LCM of denominators 3, 4 and 2 is 12.

This implies,

$\frac{2}{3}+\frac{3}{4}+\frac{1}{2}=\frac{2\times4+3\times3+1\times6}{12}$

$= \frac{8+9+6}{12}$

$=\frac{23}{12}$

The value of $\frac{2}{3}+\frac{3}{4}+\frac{1}{2}$ is $\frac{23}{12}$.

(j) \( \frac{1}{2}+\frac{1}{3}+\frac{1}{6} \)

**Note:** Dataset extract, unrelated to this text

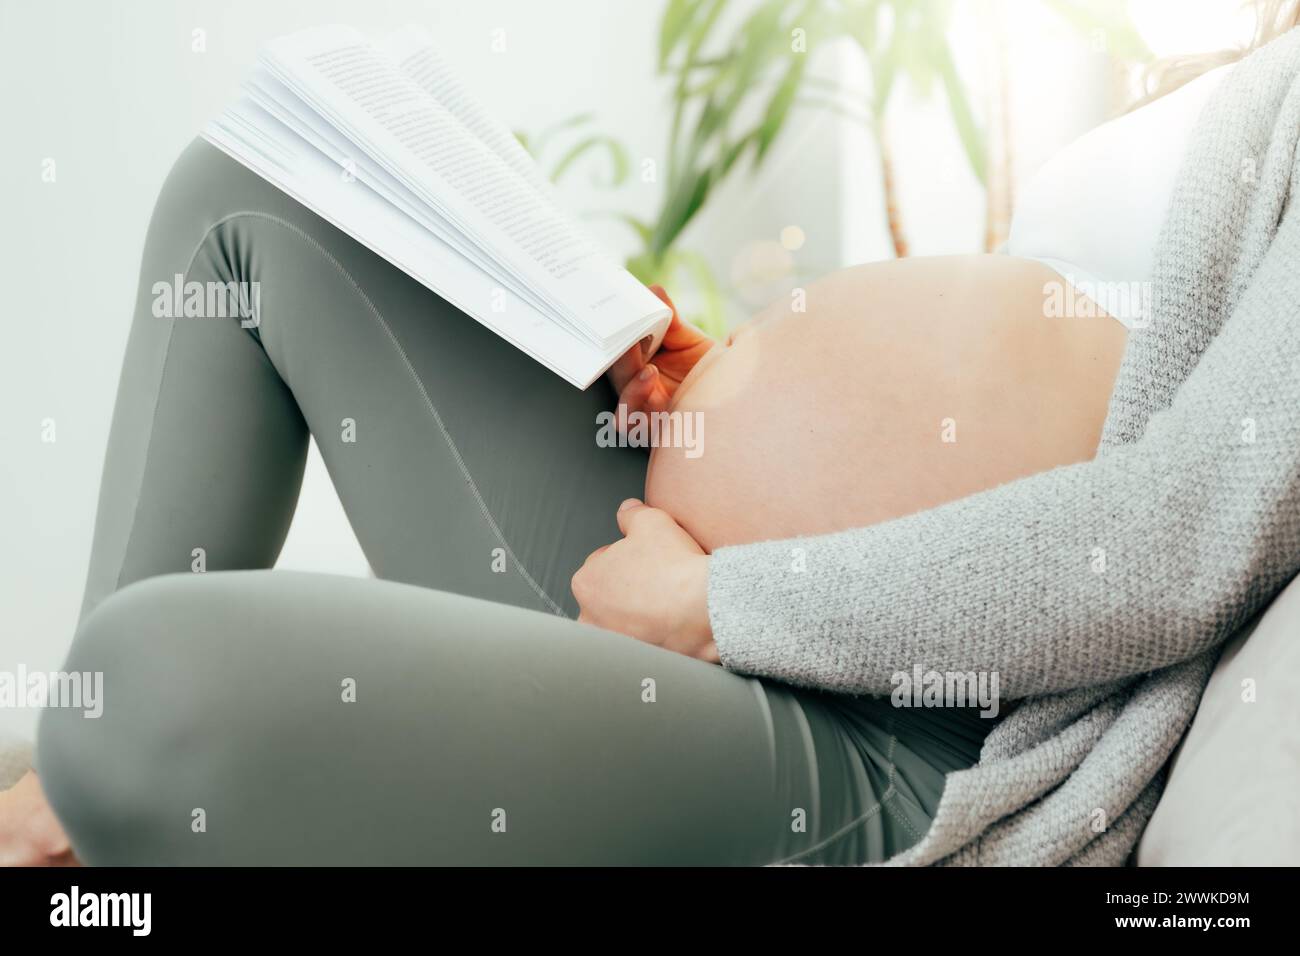 Description : vue de côté de la femme dans les derniers mois de grossesse tenant doucement son ventre tout en lisant un livre. Grossesse troisième trimestre - semaine 34 Banque D'Images

LCM of denominators 2, 3 and 6 is 6.

This implies,

$\frac{1}{2}+\frac{1}{3}+\frac{1}{6}=\frac{1\times3+1\times2+1\times1}{6}$

$= \frac{3+2+1}{6}$

$=\frac{6}{6}$

$=1$

The value of $\frac{1}{2}+\frac{1}{3}+\frac{1}{6}$ is $1$.

(k) \( 1 \frac{1}{3}+3 \frac{2}{3} \)

$1\frac{1}{3}+3\frac{2}{3}=\frac{1\times3+1}{3}+\frac{3\times3+2}{3}$

$= \frac{3+1}{3}+\frac{9+2}{3}$

$=\frac{4}{3}+\frac{11}{3}$

$=\frac{4+11}{3}$

$=\frac{15}{3}$

$=5$

The value of $1\frac{1}{3}+3\frac{2}{3}$ is $5$.

(l) \( 4 \frac{2}{3}+3 \frac{1}{4} \)

$4\frac{2}{3}+3\frac{1}{4}=\frac{4\times3+2}{3}+\frac{3\times4+1}{4}$

$= \frac{12+2}{3}+\frac{12+1}{4}$

$=\frac{14}{3}+\frac{13}{4}$

LCM of denominators 3 and 4 is 12.

Therefore,

$\frac{14}{3}+\frac{13}{4}=\frac{14\times4+13\times3}{12}$

$=\frac{56+39}{12}$

$=\frac{95}{12}$

The value of $4\frac{2}{3}+3\frac{1}{4}$ is $\frac{95}{12}$.

(m) \( \frac{16}{5}-\frac{7}{5} \)

$\frac{16}{5}-\frac{7}{5}=\frac{16-7}{5}$

$= \frac{9}{5}$

Therefore,

The value of $\frac{16}{5}-\frac{7}{5}$ is $\frac{9}{5}$.

(n) \( \frac{4}{3}-\frac{1}{2} \)

LCM of 3 and 2 is 6.

$\frac{4}{3}-\frac{1}{2}=\frac{4\times2-1\times3}{6}$

$= \frac{8-3}{6}$

$=\frac{5}{6}$

Therefore,

The value of $\frac{4}{3}-\frac{1}{2}$ is $\frac{5}{6}$.